Dr. Davidson chaired an implementation conference for the outpatient management of diabetes, conducted by the American Association of Clinical Endocrinologists and the American College of Endocrinology (ACE).

As part of their recommendations, they said that, when performed with sufficient frequency, SMBG readings allow patients and their healthcare professionals to make informed decisions about lifestyle choices and adjustments in pharmacologic therapy. SMBG can also provide ongoing feedback to patients about their nutrition and physical activity. It's a very important educational tool, and we should use SMBG to support and advise therapeutic decisions and enhance patient education. There are going to be expanded recommendations, I believe, and they may well be associated with even more specific recommendations about SMBG frequency.

There also was a global consensus conference conducted by the International Diabetes Center and the World Health Organization, "Improving Tight Control in the Patient with Diabetes: A Reappraisal of SMBG." This was held in the fall of 2004.

Dr. Gavin was one of the co-chairs of this conference, and this really was an international conference. Dr. Gerich and I were also participants, and Dr. Davidson wrote one of the position papers.

There were 4 position papers drafted and distributed to all participants prior to the meeting. There were 2 unpublished studies presented during the meeting, and then recommendations were made after reviewing the above.

At present, the recommendations are that SMBG frequency for those on multiple daily injections, or on an insulin pump, should be a minimum of at least 3 times daily. But the recommended frequency should be varied for individual patients, especially for those not at glycemic targets, or in the setting of other special clinical circumstances. Certainly more frequent monitoring is often required to include preprandial and postprandial and occasionally 2 AM to 3 AM values, whenever people are above target, or whenever they have frequent episodes of hypoglycemia.

They then made recommendations for SMBG frequency for those on oral agents, with or without once-daily insulin, and for those above target on oral agents plus insulin, on insulin alone, or oral agents alone; the recommendation was at least twice daily. The consensus conference also indicated that once-daily insulin is generally less effective in achieving targets than either multiple daily injections, or therapy combining insulin and/or oral agents. Again, the recommended frequencies, the group said, should be varied for individual patients, particularly those not at target.

For the group on oral agents alone or insulin alone at target, the recommendation was at least once daily, including a weekly profile. They didn't specify the frequency of profile, but they did indicate that profile meant values at different times of the day that would include preprandial and postprandial values; for those at target on oral agents plus once-daily insulin, at least once a day with more frequent profiles.

And finally, SMBG frequency recommendations for those on nonpharmacologic therapy who are at or above target; at least 1 weekly profile and recommended frequencies should be varied for individual patients, especially those not at glycemic targets, or in the setting of other special clinical circumstances.

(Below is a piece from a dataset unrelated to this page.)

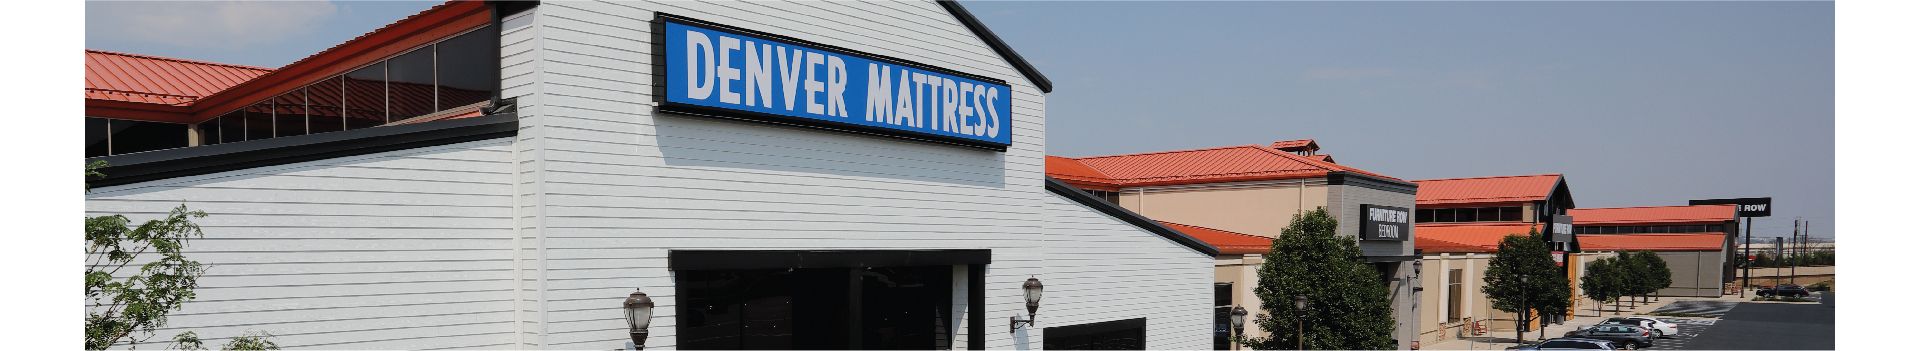 Denver Mattress Flagship Store

This should be used to guide nutrition and physical activities, and the values should be used as a trigger for when pharmacologic therapy, for patients who are consistently above target, needs to be implemented.

Obviously, additional self-monitoring should always be performed in situations such as acute illness; changes in medication; with symptoms of hypoglycemia or hypoglycemic unawareness; during pregnancy; worsening or out-of-range A1C; or changes in nutrition, physical activity, or stress.

SMBG clearly is an important component in the management of all people who have diabetes. Data from the DCCT, Kumamoto, and other studies have demonstrated the benefit of SMBG testing in insulin-treated diabetic patients. Several recent studies including 2 meta-analyses of randomized, controlled trials have shown the benefit of SMBG in non-insulin-treated patients. A large longitudinal cohort study demonstrating the association between higher SMBG frequency and improved glycemic control was also presented.